Karena terkendala dengan tidak adanya du’at salafiyyin di kota kami, padahal gairah menuntut ilmu dari ikhwah Atambua yang cukup tinggi, maka terbersit ide dari kami untuk mengadakan kajian via phone (kajian melalui sambungan handphone). Dengan berbekal pengalaman Al Akh Luqman yang cukup kenal dengan sejumlah ikhwan dan asatidzah salafiyyin di Jawa dan di beberapa daerah lainnya, maka Alhamdulillah ide ini pun dapat terlaksana.

Kajian via phone bukan tanpa kendala. Banyak rintangan yang menghadang, termasuk dari sejumlah masyarakat yang tidak senang dengan dakwah ini. Alhamdulillah, Allah Azza Wa Jalla masih memberikan jalan bagi kami untuk menegakkan sunnah di daerah kami yang minoritas muslim ini. Meski Ta’lim/ Kajian hanya dapat dilakukan seadanya dengan via phone karena terkendala jarak yang jauh, namun kenikmatan menuntut ilmu akhirnya dapat terpenuhi. Kajian yang pada awalnya hanya diikuti oleh segelintir ikhwah, kini perlahan-lahan masyarakat awam pun mulai tertarik dan mengenal dakwah ini.

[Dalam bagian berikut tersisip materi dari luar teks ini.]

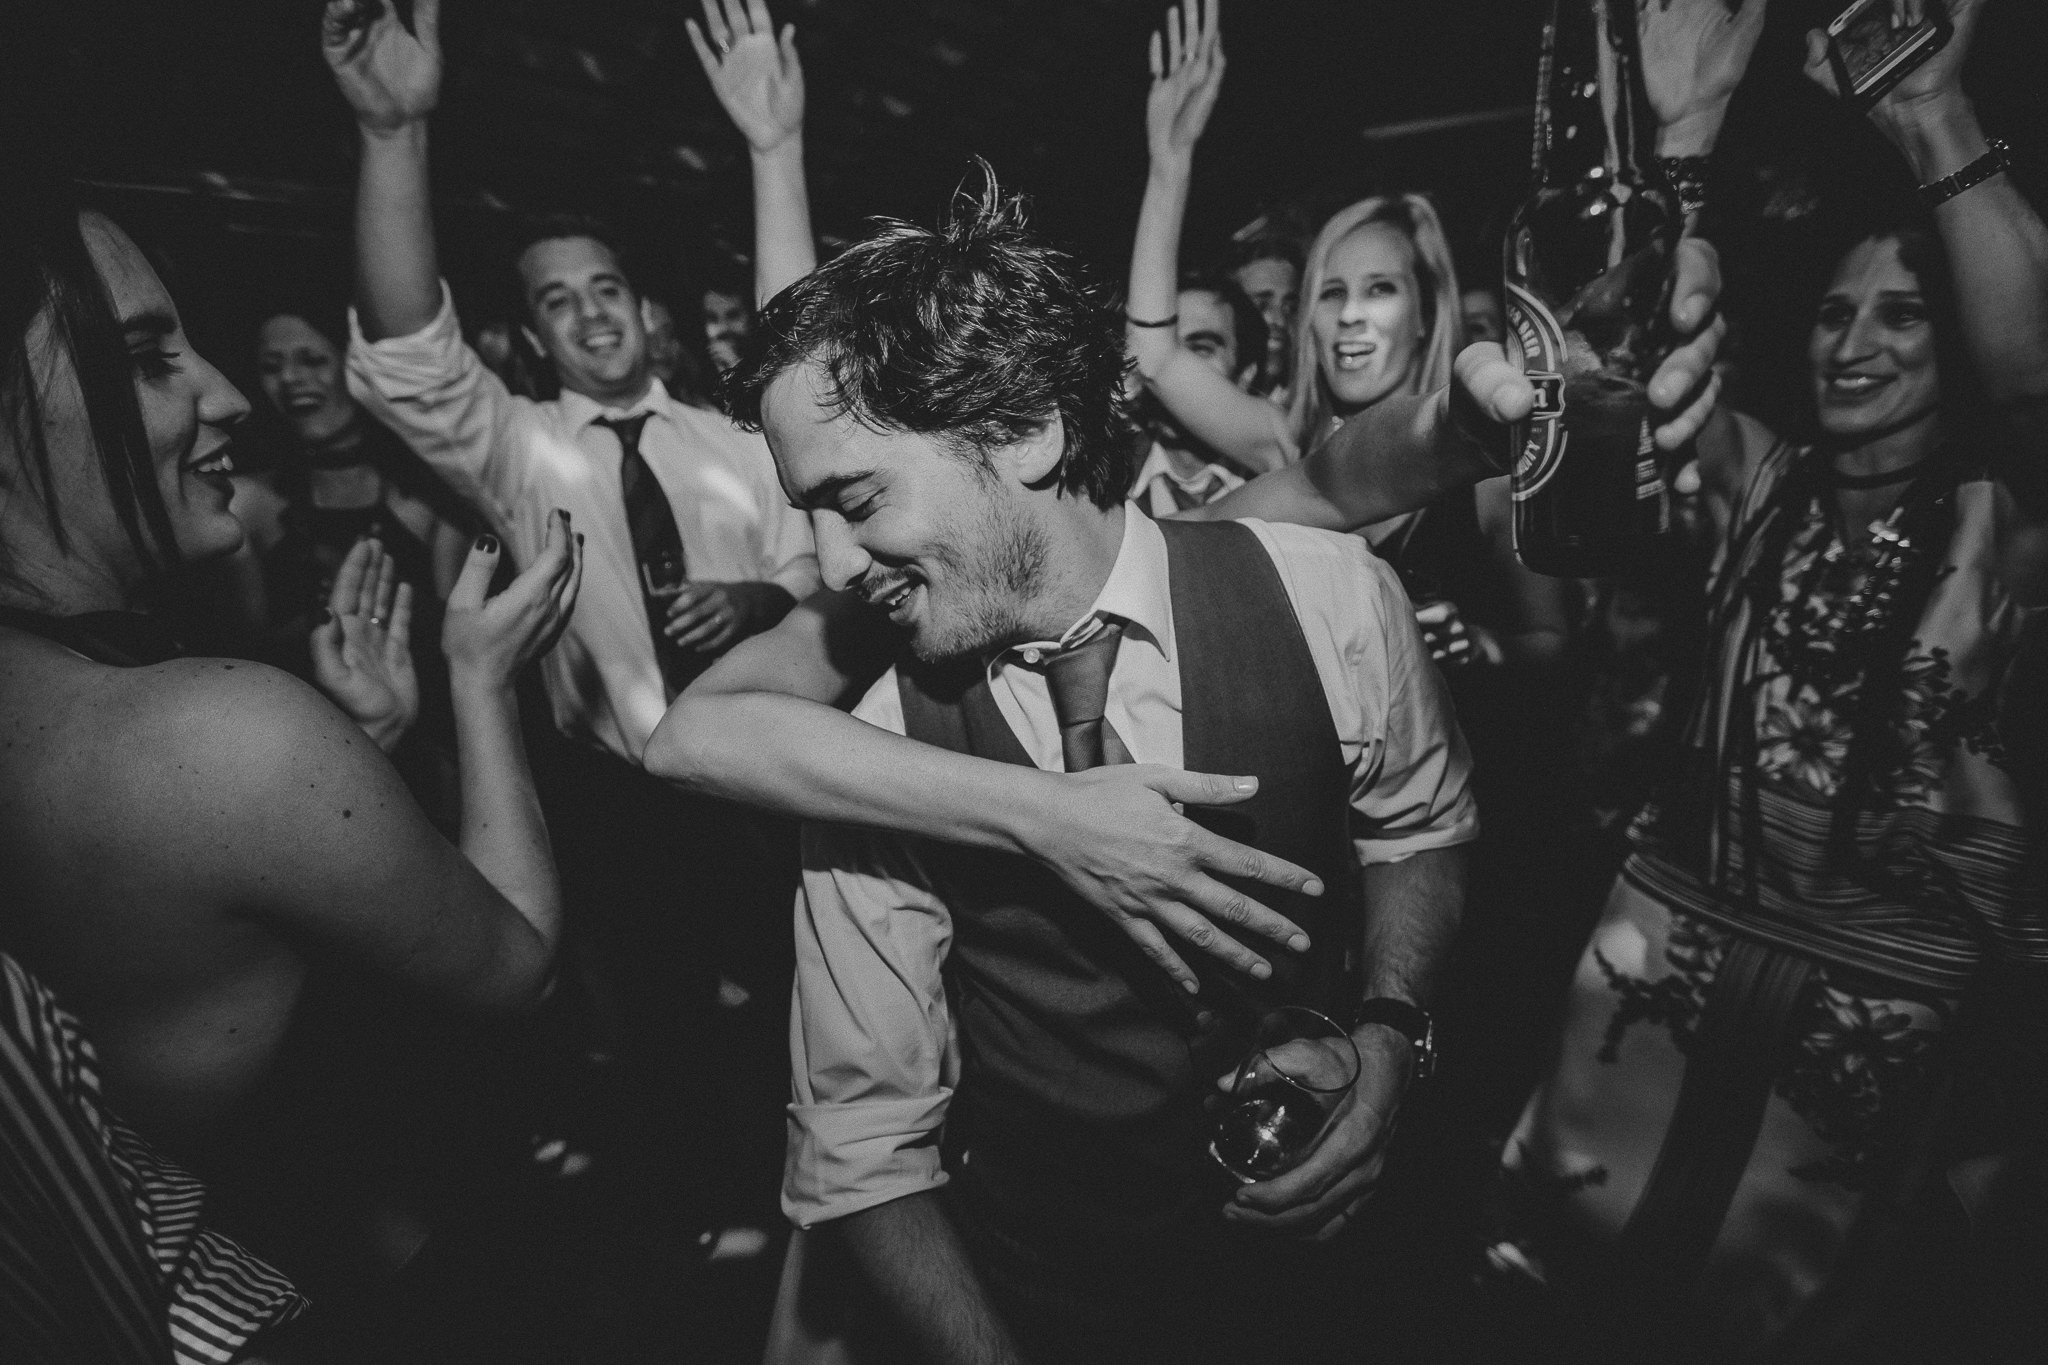 boda en lacrosse - fotografía espontánea de bodas - fotos de boda uruguay - P&I07

Semoga Allah berkenan untuk menjaga kami agar tetap istoqomah dan ikhlas dalam menuntut ilmu, terutama lagi kami berharap agar suatu saat nanti ada ustadz yang mau berkenan untuk datang langsung ke daerah kami dalam rangka menyebarkan dakwah, sehingga kami dapat duduk langsung berhadapan, untuk mengambil faedah di halaqah-halaqah ilmu

KOMUNITAS ISLAM DI FLORES TIMUR NTT

Kondisi masyarakat / komunitas Islam di Flores Timur
I. Masyarakat Islam asli Flores
Latar belakang mereka sama-sama penduduk bumiputra yang mula-mula menganut ‘agama asli’ atau meminjam istilah Bung Karno ‘orang kafir’. Dalam buku sejarah, agama asli biasa disebut animisme-dinamisme. Ketika datang agama baru, entah Katolik atau Islam, penduduk mulai konversi alias pindah agama. Agama asli identik dengan kekolotan atau primitivisme karena terkait erat dengan dukun-dukun serta kepercayaan alam gaib yang sulit berterima di alam moderen.

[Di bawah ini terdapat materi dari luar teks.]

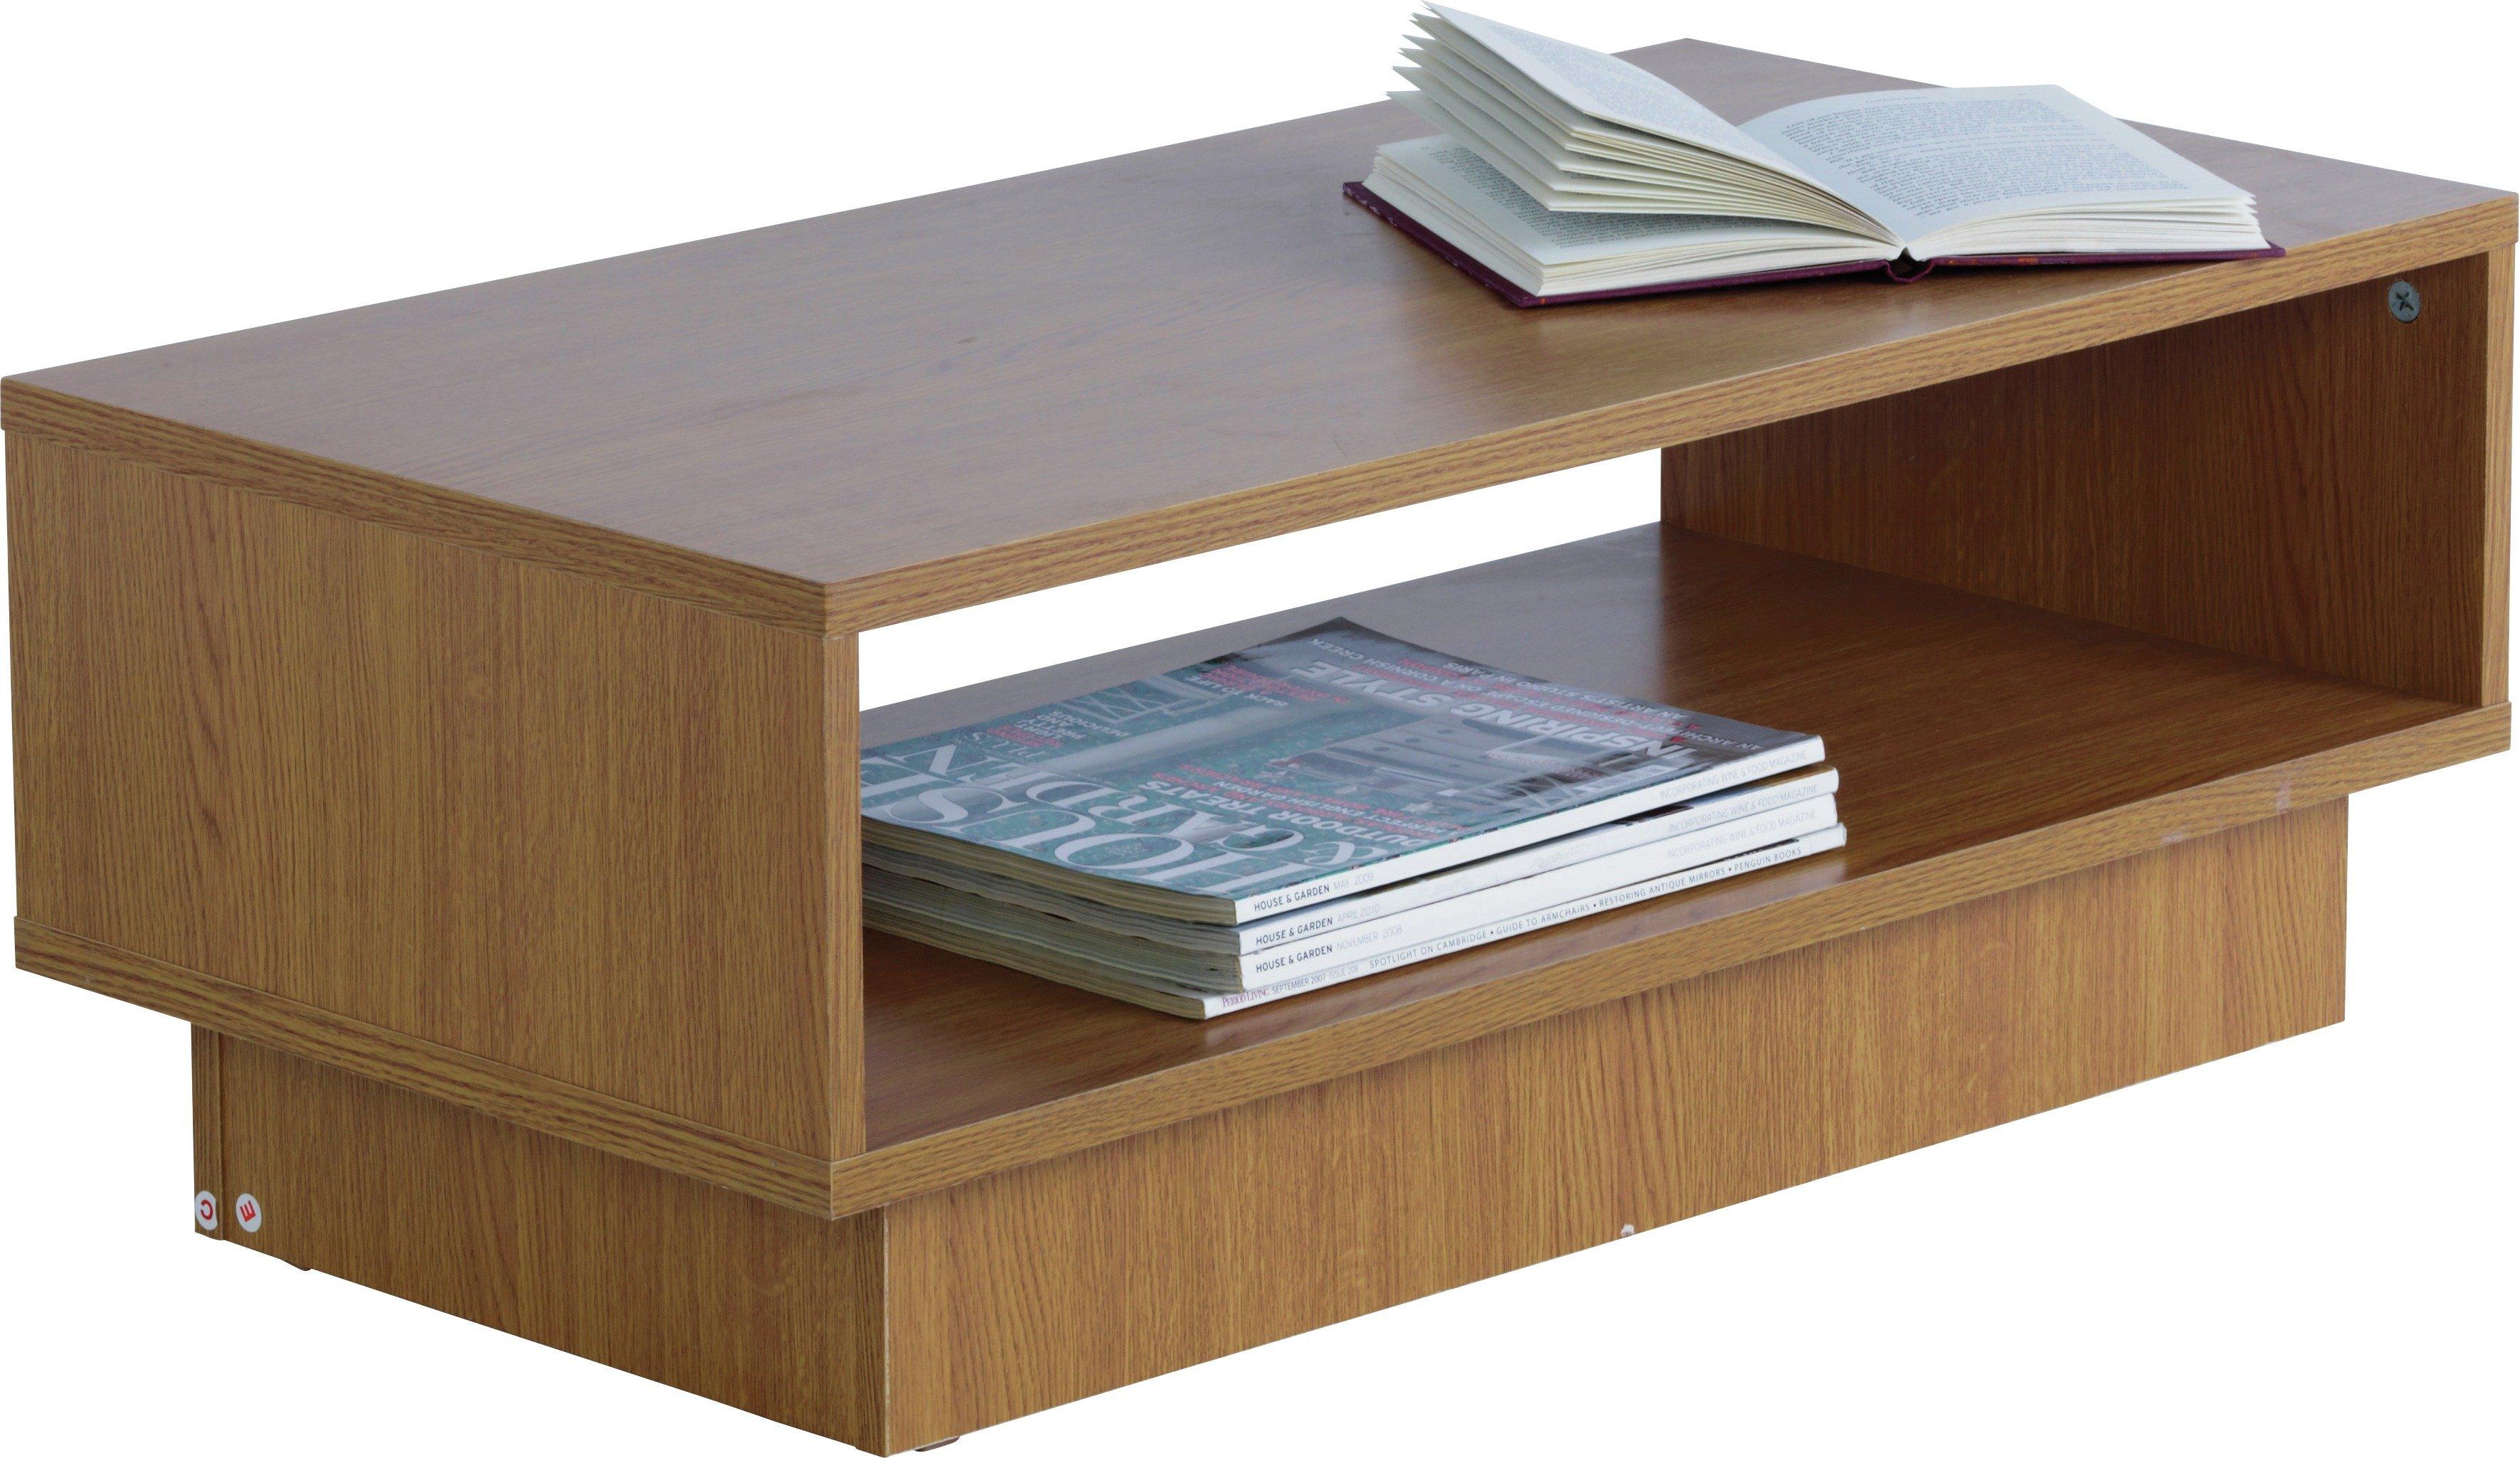 buy home cubes 1 shelf coffee table - oak effect at argos.co.uk

Karena sama-sama asli Lembata, Adonara, Solor, Flores Timur daratan, jemaat Islam ini benar-benar menyatu dengan umat Katolik atau penganut agama asli. Sama-sama diikat oleh adat, budaya, serta keturunan yang sama. Kalau diusut-usut, golongan ini punya hubungan darah yang sangat erat.

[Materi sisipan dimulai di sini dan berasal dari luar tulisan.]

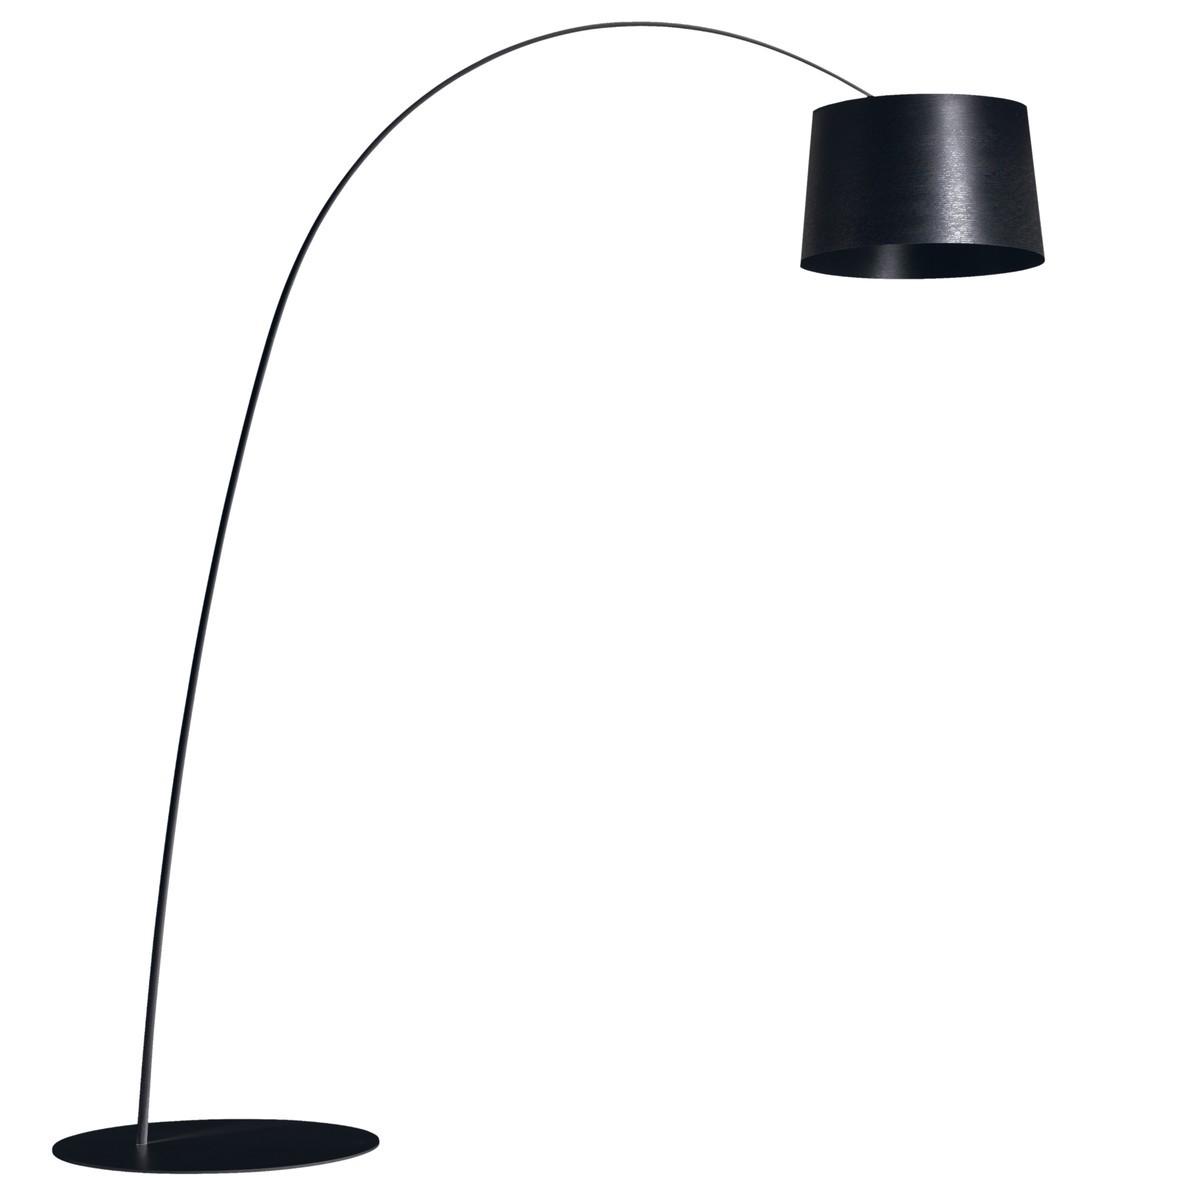 Foscarini Twiggy Small Floor Lamp Deplaincom

Fam atau marga saya, Hurek Making, misalnya, banyak yang menganut Islam. Bapak Muhammad Kotak Hurek bahkan jadi takmir Masjid Nurul Jannah di kampung. Muhammad Anshar Paokuma, keluarga dekat dari pihak ibu saya, malah imam masjid tersebut. Hubungan persaudaraan erat luar biasa.

Bedanya: umat Islam tidak makan daging babi dan anjing, sementara saudara-saudaranya non-Islam sangat doyan. Kalau ada pesta, saudara-saudara muslim ini ‘wajib’ menyiapkan daging khusus untuk kaum muslim, mulai dari menyembelih kambing, memasak, hingga siap saji di meja makan. Tradisi lokal ini untuk menjaga agar makanan itu terjamin kehalalannya.

Pak Hamid, juga masih kerabat saya, dikenal sebagai tukang jagal kambing dan sapi paling top. Begitu tahu bahwa daging kambing itu disembelih oleh Pak Hamid, saudara-saudara muslim itu pun menyantap dengan nikmat.

II. Masyarakat Islam pesisir
Mereka ini campuran antara pendatang dan penduduk asli yang sudah bercampur-baur secara turun-temurun. Disebut pesisir–ini istilah saya saja–karena tinggalnya di pesisir, bekerja sebagai nelayan ulung. Selain itu, mereka pedagang ‘papalele’ hingga pedagang besar.

Mereka ini menganut Islam berkat dakwah para pedagang atau pelaut Sulawesi, Sumatera, Jawa, Sumbawa. Ada juga nelayan Sulawesi yang akhirnya menetap di Flores karena kerap bertualang di laut. Ada tanah kosong di pinggir laut, lantas mereka mendirikan rumah di situ. Akhirnya, muncul banyak kampung-kampung khusus Islam di beberapa pesisir Flores Timur.

Berbeda dengan Islam jenis pertama (asli Flores), golongan kedua ini benar-benar pelaut sejati. Di beberapa tempat, rumah mereka bahkan dibuat di atas laut. Karena tak punya tanah, namanya juga pendatang, mereka tidak bisa bertani. Kerjanya hanya mengandalkan hasil laut, tangkap ikan, serta berdagang.

Maka, komunitas Islam pesisir ini sangat solid dan homogen di pesisir. Kampung Lamahala di Adonara Timur dan Lamakera di Solor Timur merupakan contoh kampung Islam pesisir khas Flores Timur. Di Kampung Baru serta sebagian Postoh (Kota Larantuka) pun ada kampung khusus Islam pesisir.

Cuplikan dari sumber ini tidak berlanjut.